Normal pregnancy is associated with physiological procoagulant status aimed to minimize blood loss: levels of thrombin, coagulation factors V, X, XI, XII, and antithrombin, protein C, clotting time in activated partial thromboplastin time (aPTT) and prothrombin time (PT) remain largely normal, whereas there is a substantial increase in fibrinogen, D-dimer, and coagulation factors VII, VIII, and IX [3]. The fibrinolytic system of pregnant women also shifts to largely antifibrinolytic regulation with tPA decrease and high activity of PAI-1 and placenta-specific PAI-2 [4]. Fibrinolytic proteins uPA, tPA, and PAI-1,2 are produced by extravillous trophoblast cells, basal and chorionic plates, and chorionic villi tree, where they are extensively involved in vessel net formation, endothelial integrity, placentation process, and placenta detachment during delivery [5].
Alterations in the general and vascular-placental system frequently accompany complicated pregnancy.

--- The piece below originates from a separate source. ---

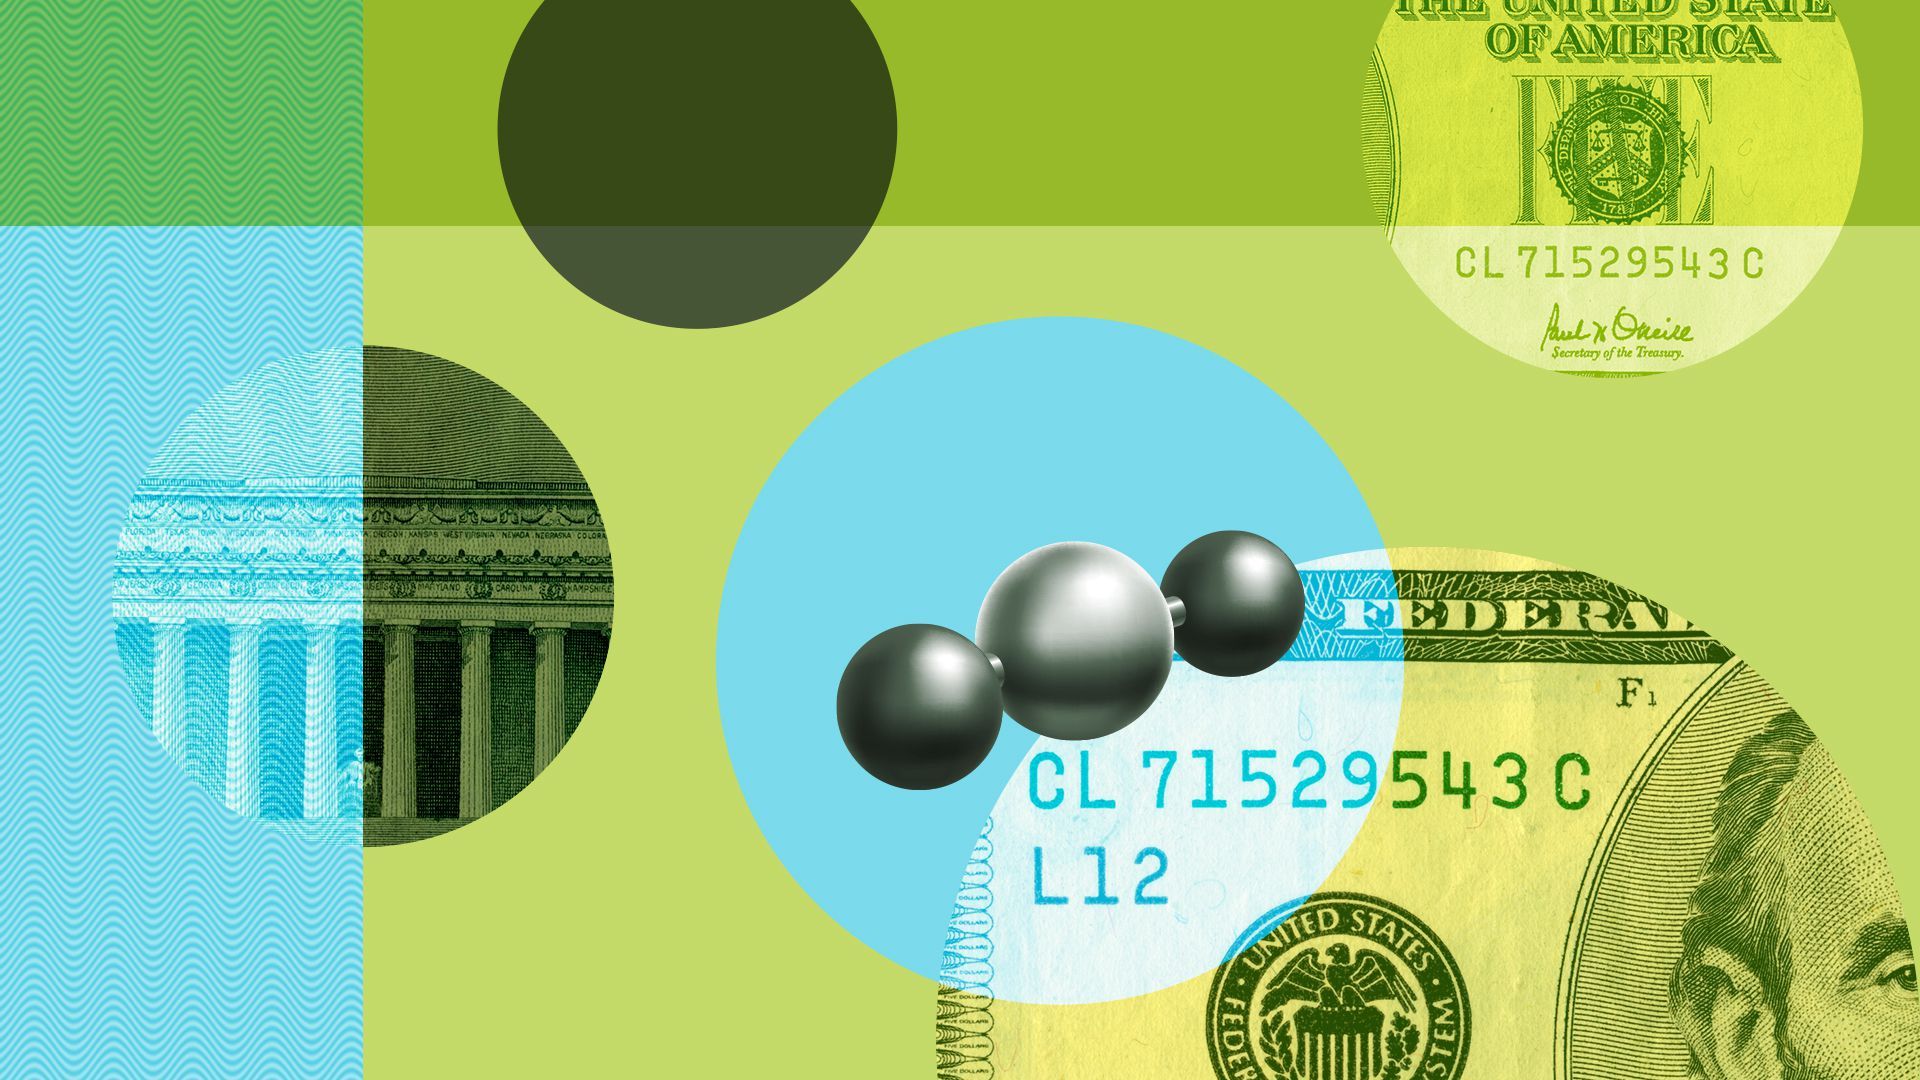 Illustration of a carbon molecule, US currency and geometric shapes

Pathological changes in the endothelial layer’s structure, integrity, and function during pregnancy are associated with placental insufficiency, preeclampsia, and thrombosis. Impaired vascular-placental remodeling results in a failure of trophic function and fetal hypoxemia, intrauterine growth restriction, prematurity, or fetal demise [6,7].
While many researchers are focused on understanding the role of vascular dysfunction in the pathophysiology of these gestational complications, their mechanisms largely remain unclear. The proteins of the fibrinolytic system not only maintain normal blood flow but also stimulate cytokine release and matrix metalloprotease activation. Therefore, its dysregulation plays a critical role in developing vascular dysfunction [8]. This study aims to establish changes in the fibrinolytic system of pregnant women with placental insufficiency and determine clinically relevant markers of fibrinolysis dysregulation accompanying this gestational complication.

2. Results

2.1. Characteristics of Patients

In the complicated cohort, placental dysfunction was diagnosed at 12–38 weeks of pregnancy at the admission to the hospital. In total, 9 out of 32 patients had a body mass index (BMI) over 25. Besides placental dysfunction, in the complicated group, there were other adverse characteristics—preeclampsia, gestational hypertension, retrochorionic hematoma, and fetal growth restriction. All the pregnancies in this group were diagnosed with placental blood circulation retardation. Because of hypercoagulation, four complicated patients were prescribed low molecular weight heparins, 2-sulodexide, 2-aspirin, and 1-tranexamic acid.
The control non-complicated cohort had normal placental blood flow and normal coagulation markers.
Overall clinical characteristics of the studied cohorts are presented in Table 1.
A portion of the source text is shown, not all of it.